According to German historian Rainer Karlsch, the facility built at nearby Jonastal was one of two locations where Kurt Diebner's team tested its nuclear energy project. During this process, according to Karlsch, prisoners of war were killed under the supervision of the SS.

Ohrdruf is believed to be the place where the historical Compiègne Wagon was blown up in an air attack in 1944. Ohrdruf was the first Nazi concentration camp to be liberated by the US Army, on 4 April 1945. Shortly thereafter, Generals Eisenhower, Patton and Bradley came here to look at the piles of dead bodies left behind by the SS.

===Post World War II===
The military training area of Truppenübungsplatz Ohrdruf was taken over in July 1945 by the Red Army, since Thuringia became part of the Soviet occupation zone. The Nordlager -part of the concentration camp was razed. Two memorials to the dead were erected at around this time.
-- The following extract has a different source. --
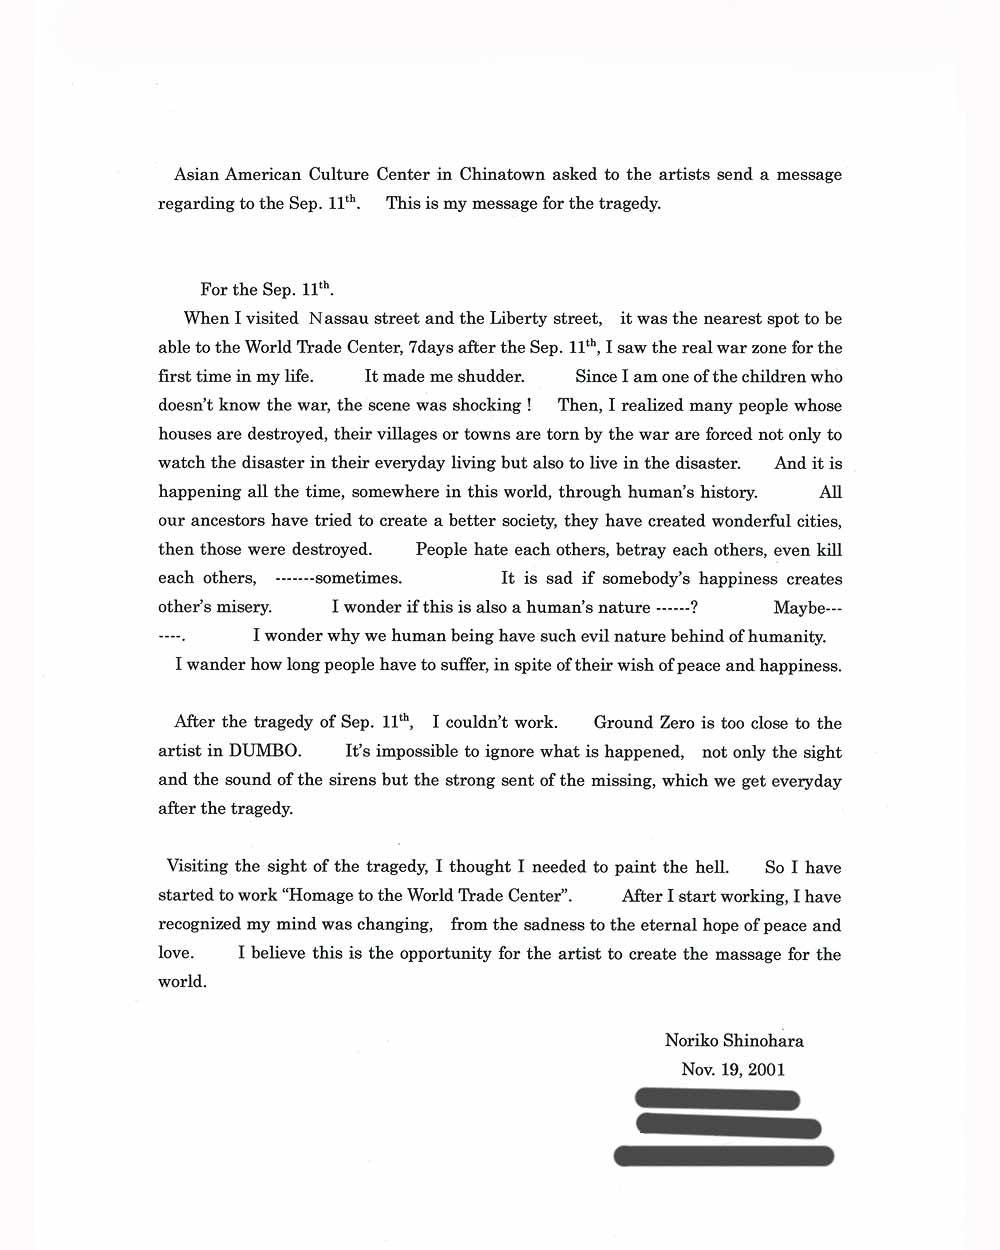 Noriko Shinohara's Artist Statement, 2001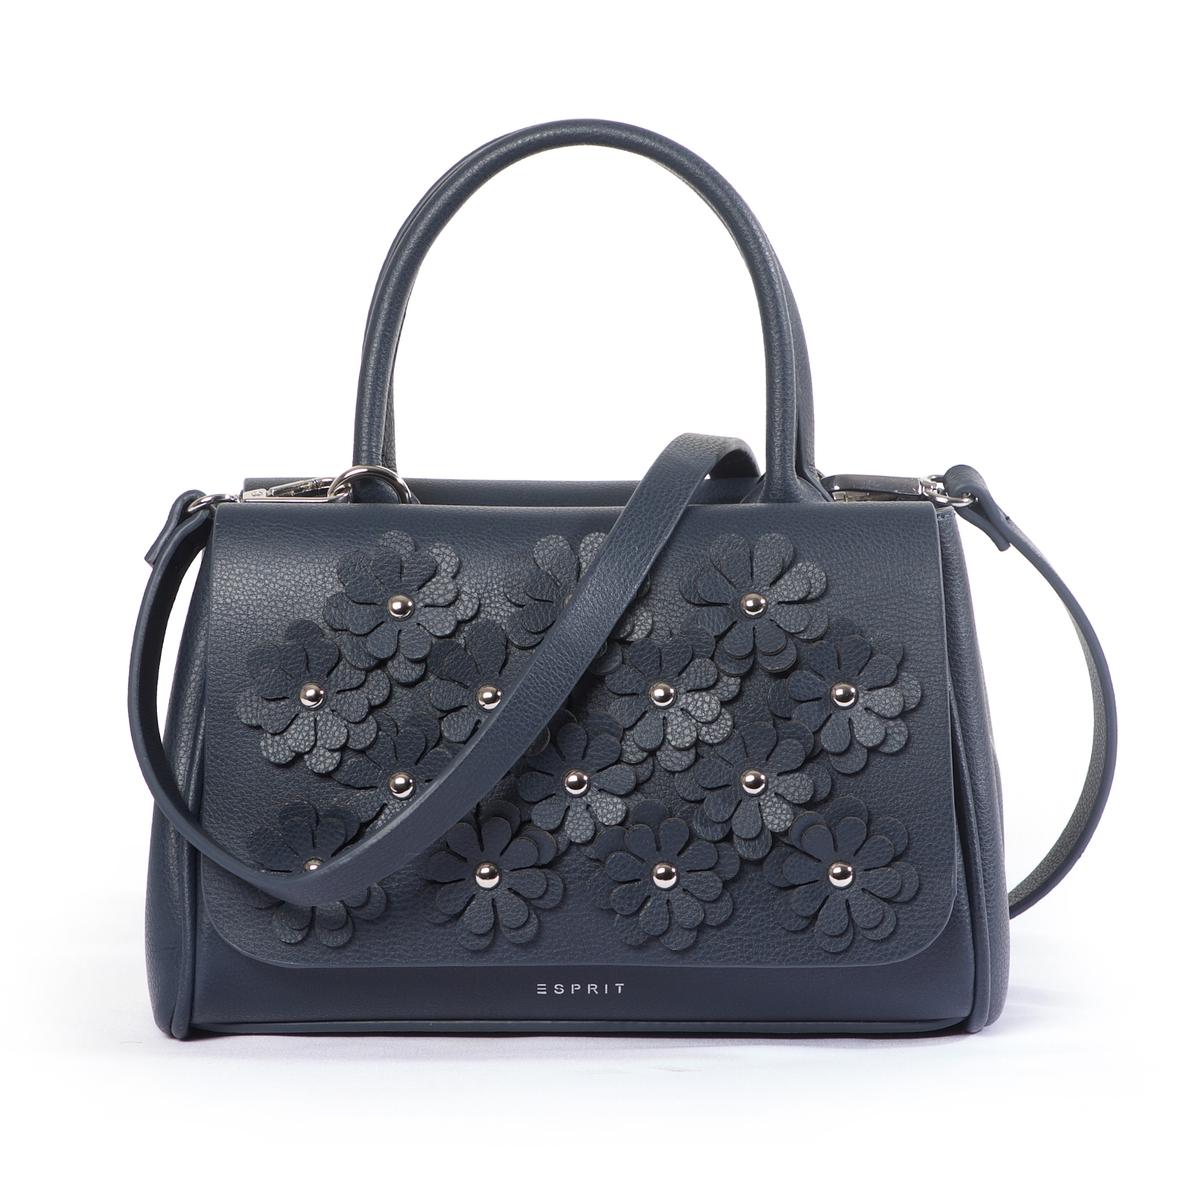 Сумка TyraОчень модная сумка в винтажном стиле с оригинальным рельефным цветочным рисунком ! Можно носить в руке или на плече.Состав и описание :  •  Материал : верх из полиуретана              Подкладка из полиэстера.  •  Марка : Esprit •  Модель : Tyra •  Размер : 17 x 22,5 x 22 см •  Застежка : на клипсуВнутренний карман Съемный и регулируемый ремешок<br><br>Цвет: синий морской<br>Размер: единый размер

In 1991, ownership was transferred to the German Defence Ministry. Since 1993, the Bundeswehr has been in charge of the area.

The Soviet troops also used Schloss Ehrenstein from 1956 until 1971, leaving it in a desolate condition.

==Sights==
- Schloss Ehrenstein: A Renaissance castle with Baroque alterations, the restoration of Schloss Ehrenstein was completed in the fall of 2013 and a new exhibition on local history opened in the east wing. However, on 26 November 2013 a fire destroyed parts of the castle and many of the new exhibits. It was started inadvertently by workmen putting finishing touches to the south eastern corner of the castle. Sparks caused a smouldering fire that spread unnoticed. Despite the efforts of hundreds of fire fighters from all over the region, supported by Bundeswehr and Technisches Hilfswerk, large parts could not be saved. Small fires were still burning five days later. The town library and museum were severely damaged.
- St. Michaelis Kirche: Previous churches at the site go back to the 8th century. Associated with the Bach family, who worked there as organists, the church burned down in 1753 and 1808 when fires raged through the town, but was rebuilt each time. The church was again destroyed by Allied bombing in 1945, only the roofless 15th-century tower remaining. This was covered by a concrete roof until 1998/99 when the tower was reconstructed. Today, the tower houses a small chapel and an exhibition on the church's history.